**About this exercise**
Here the job is to copy the data exactly and to exclude every image from it.

Collected data: Begin

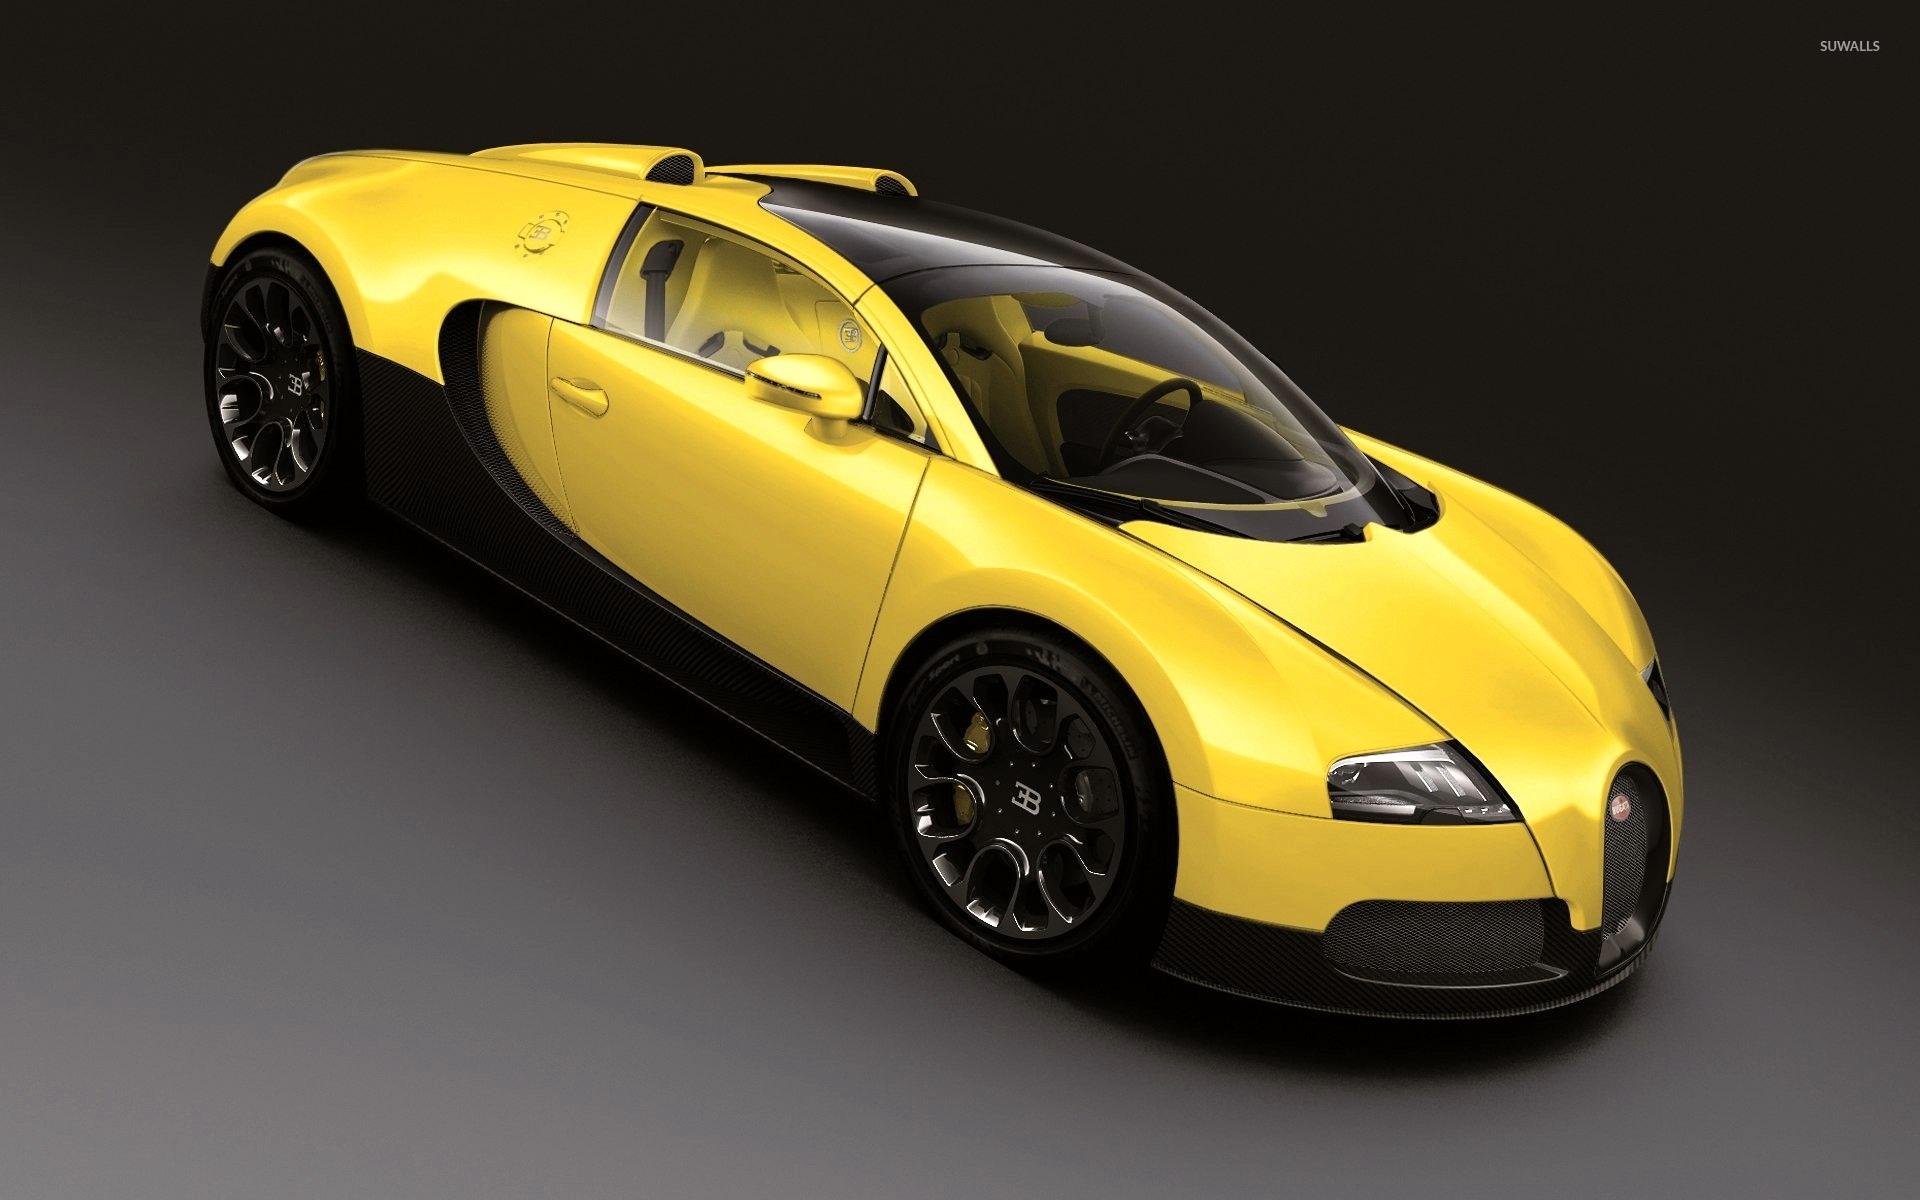 Yellow Bugatti Veyron Top View Wallpaper 1920x1200 Jpg
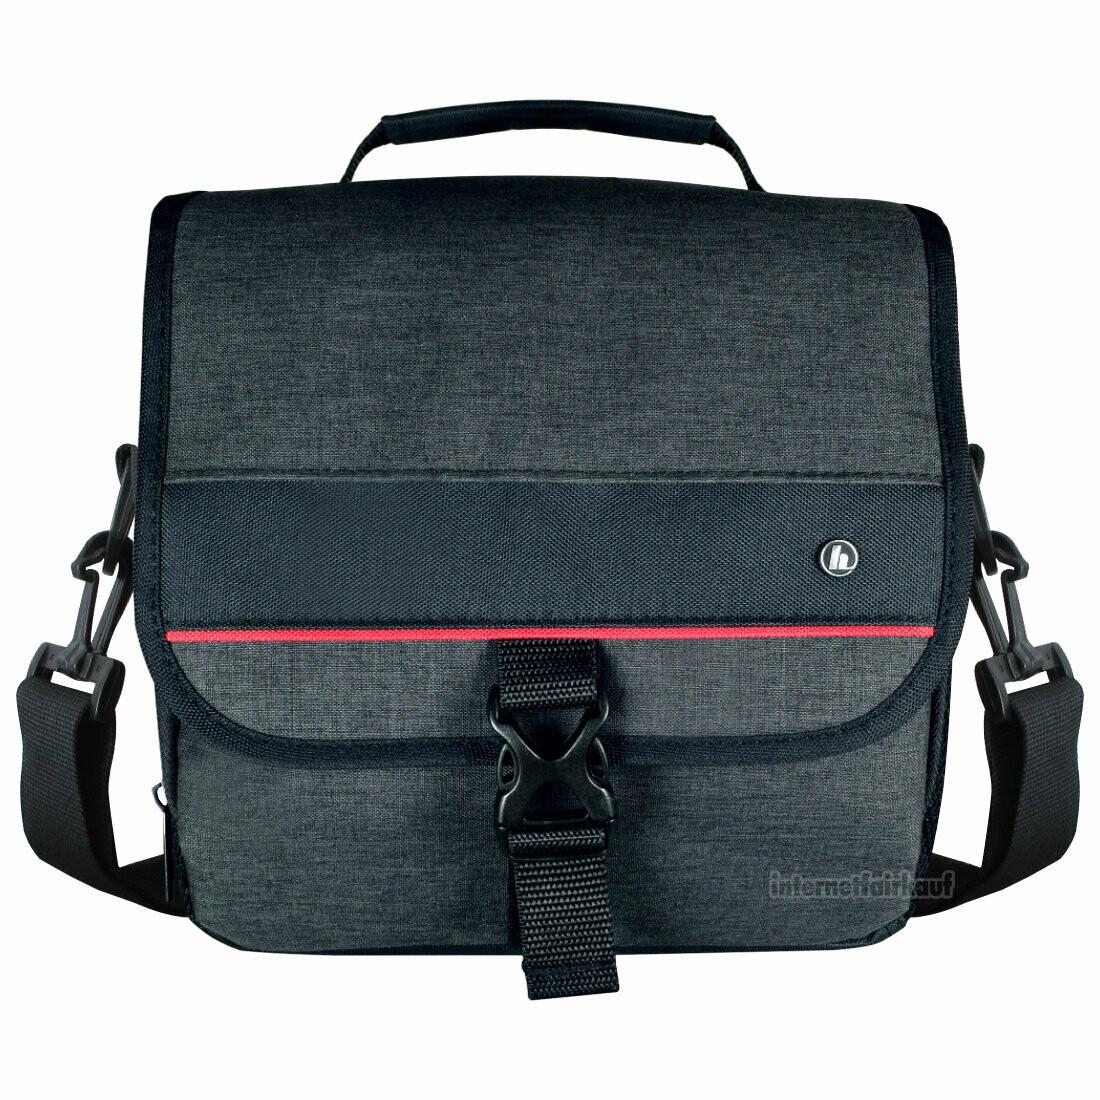 Kameratasche passend für Nikon D5100 D5600 Fototasche
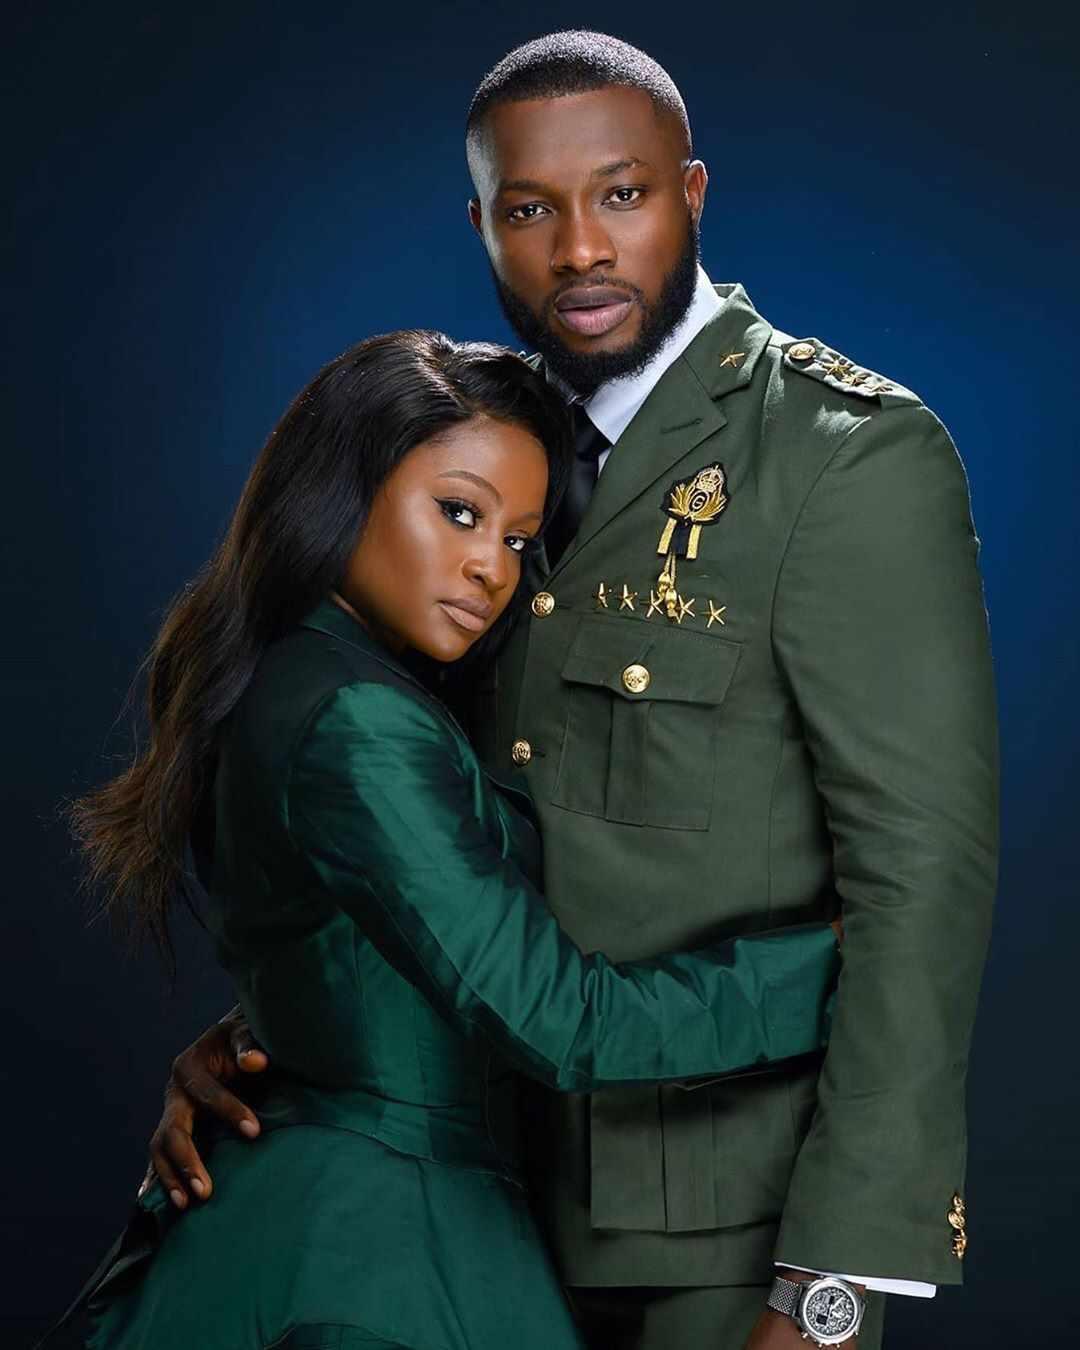 Emmanuel and Anita rumor

Collected data: End

**Exercise answer**
 Yellow Bugatti Veyron Top View Wallpaper 1920x1200 Jpg
 Kameratasche passend für Nikon D5100 D5600 Fototasche
 Emmanuel and Anita rumor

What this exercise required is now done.